BTW, the alternate decoder kinda wouldn't work so well because the microarchitecture, functional units, datapath, caches and registers are really set up for x86. Folks wanted something like that at Transmeta, a Java processor, but the HW was designed for x86.
It may be worth mentioning that the BCD suite of instructions are not supported in x64. But if you are looking for an example of modern microcoded x64 to avoid, BTR/BTC/BTS with a memory operand is a prime example. Which does bring up the point that talking about "x86/x64" can be misleading in a similar way as discussions of the "C/C++" language.
the alternate decoder kinda wouldn't work so well because the microarchitecture, functional units, datapath, caches and registers are really set up for x86.
Are there specific areas where you see problems? For example, I'd think the existing abstraction between limited number of architectural registers and the hundreds of physical registers would work fine for alternative ISA's. And I don't immediately see why caching wouldn't work unaltered.
Folks wanted something like that at Transmeta, a Java processor, but the HW was designed for x86.
I searched for more information about what became of Transmeta after I posted last night, but didn't find much about the technical issues they encountered. Do you know if there is a good post-mortem?
While searching, I did come across a couple interesting CPU's that are going the other way:
The main problem I see mentioned when going the other way (ARM emulating x86) is dealing with "flags". Since recent Intel processors already support "flagless" variants of most of the instructions (SARX, MULX, etc) this doesn't seems like it could be insurmountable.
BTS with a memory operand. Now that would be bad. What compiler people learned was to avoid the CISC-iest instructions in favor of RISCy ld/st+registers instructions. What Intel learned was to make RISCy instructions fast. However after translation to uops, the instruction encoding itself just didn't matter.
Also, register renaming helps a LOT; so you don't need a 32 direct registers when 16 registers renamed to 180 internal registers will more than do. Register renaming predates RISC by 15 years (Tomosulo). I'd almost say it's anti-RISC.
BTW, Elbrus + Transmeta are kinda joined at the hip. Babayan consulted at Sun with Ditzel and is now at Intel. Half the Transmeta people went to NVidia (eventually) and did an x86 before switching to ARM (Denver).
Eventually people will see RISC as the provisional idea it is. Register renaming is a Great Idea. Uop translation is a Great Idea. RISC is provisional.
> The main problem I see mentioned when going the other way (ARM emulating x86) is dealing with "flags".
I see the much larger problem in ARM emulating the memory model of x86, which gives much stronger guarantees on ordering and synchronization than the weak memory model used by ARM processors.
The big idea of RISC was to avoid microprogramming and have a simple to decode ISA which was directly executed by a short simple pipeline. ld/st + lots of registers + C compiler. Awesome.

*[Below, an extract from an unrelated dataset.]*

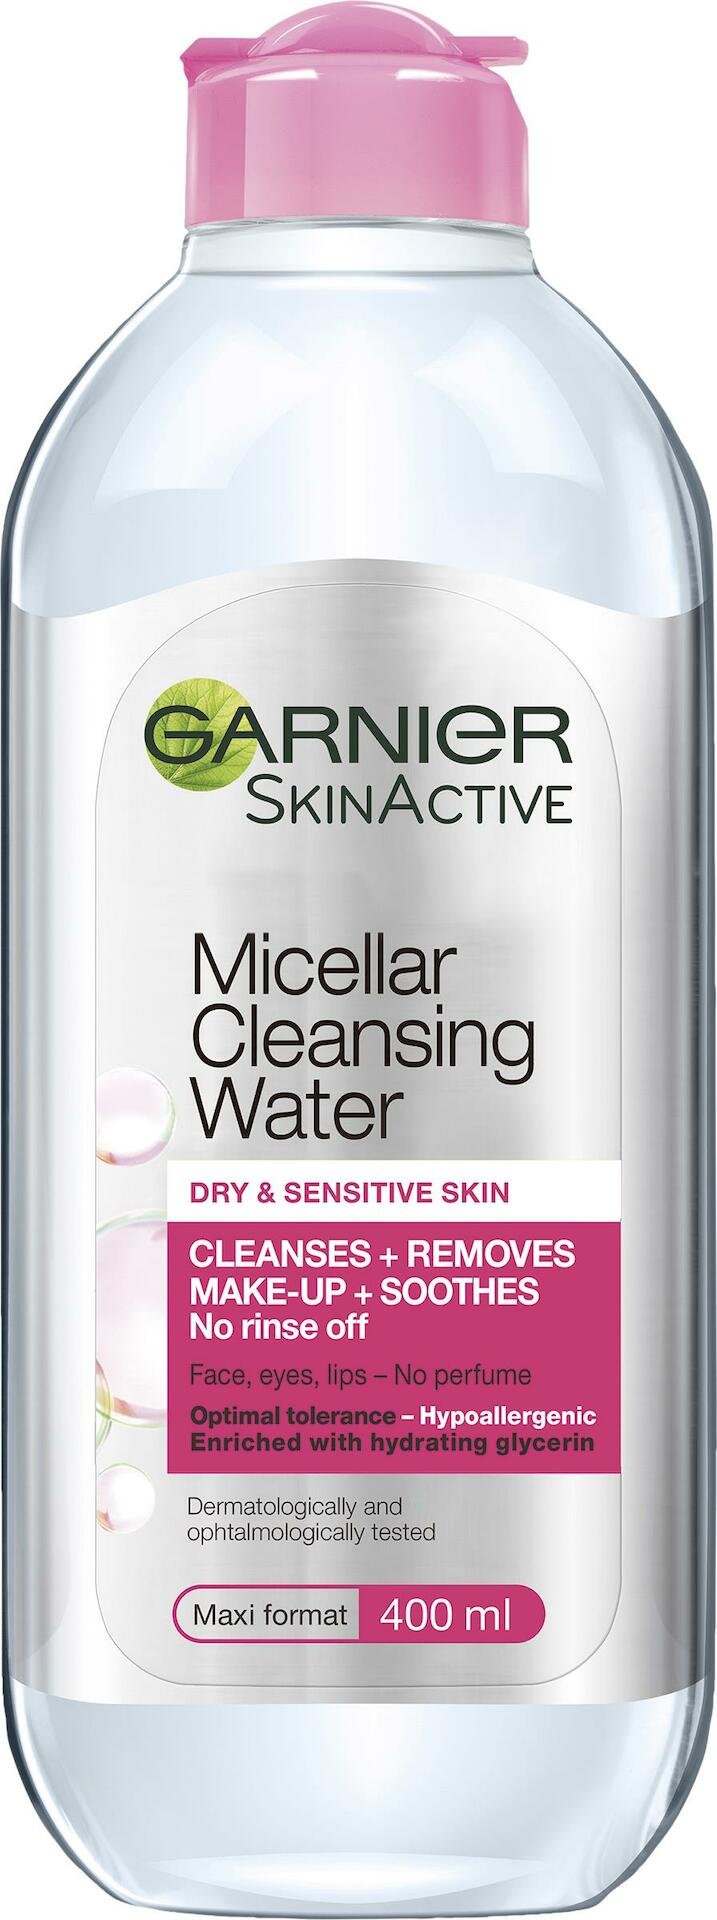 Garnier SkinActiveMicellar Cleansing Water Dry & Sensitive Skin 400 ml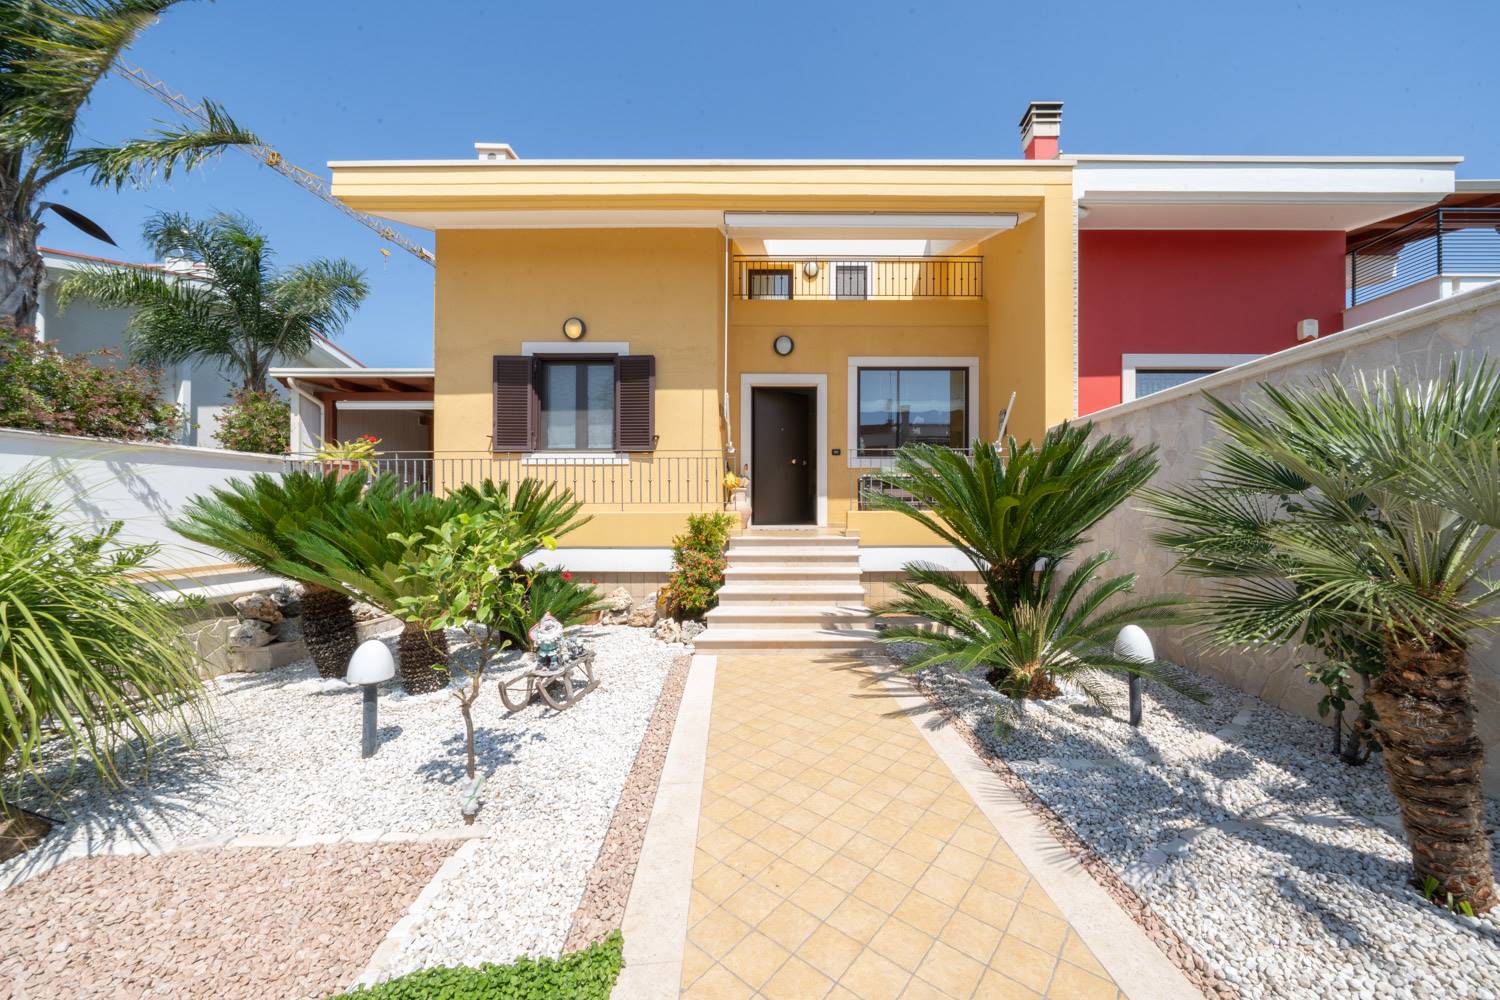 Villa in vendita a Palo del Colle, 5 locali, zona Località: AURICARRO, prezzo € 315.000 | CambioCasa.it

Indeed in Patterson+Ditzel's version of Luther's 95 theses, they say:
They say this in the section Reasons For Increased Complexity. RISC is revolting from that complexity, from microprogramming, so how can μops be RISC if that's what they were revolting from?I think people say this because no one knows what microprogramming is anymore. You might read one paper in a graduate architecture seminar. And no one but no one writes microprograms.
The decode stage of Haswell translates add RAX,RBX into a '150b' μop. If can you read Agner Fog and you'll know how many μops, what the latencies are, etc. These are empirically determined properties of the μop but that's it. You know the Decoded ICache characteristics. But you don't know the ISA.
After all that's done, you're left with maybe a 14-pipestage data path. That's not RISC. Complicated instructions (AAA) get interpreted. That's not RISC. Multiple functional units can calculate 2+3 operand effective addresses. That's not RISC. This all is REALLY not RISC.
μops are micro-instructions, not RISC instructions.
BTW, the alternate decoder kinda wouldn't work so well because the microarchitecture, functional units, datapath, caches and registers are really set up for x86. Folks wanted something like that at Transmeta, a Java processor, but the HW was designed for x86.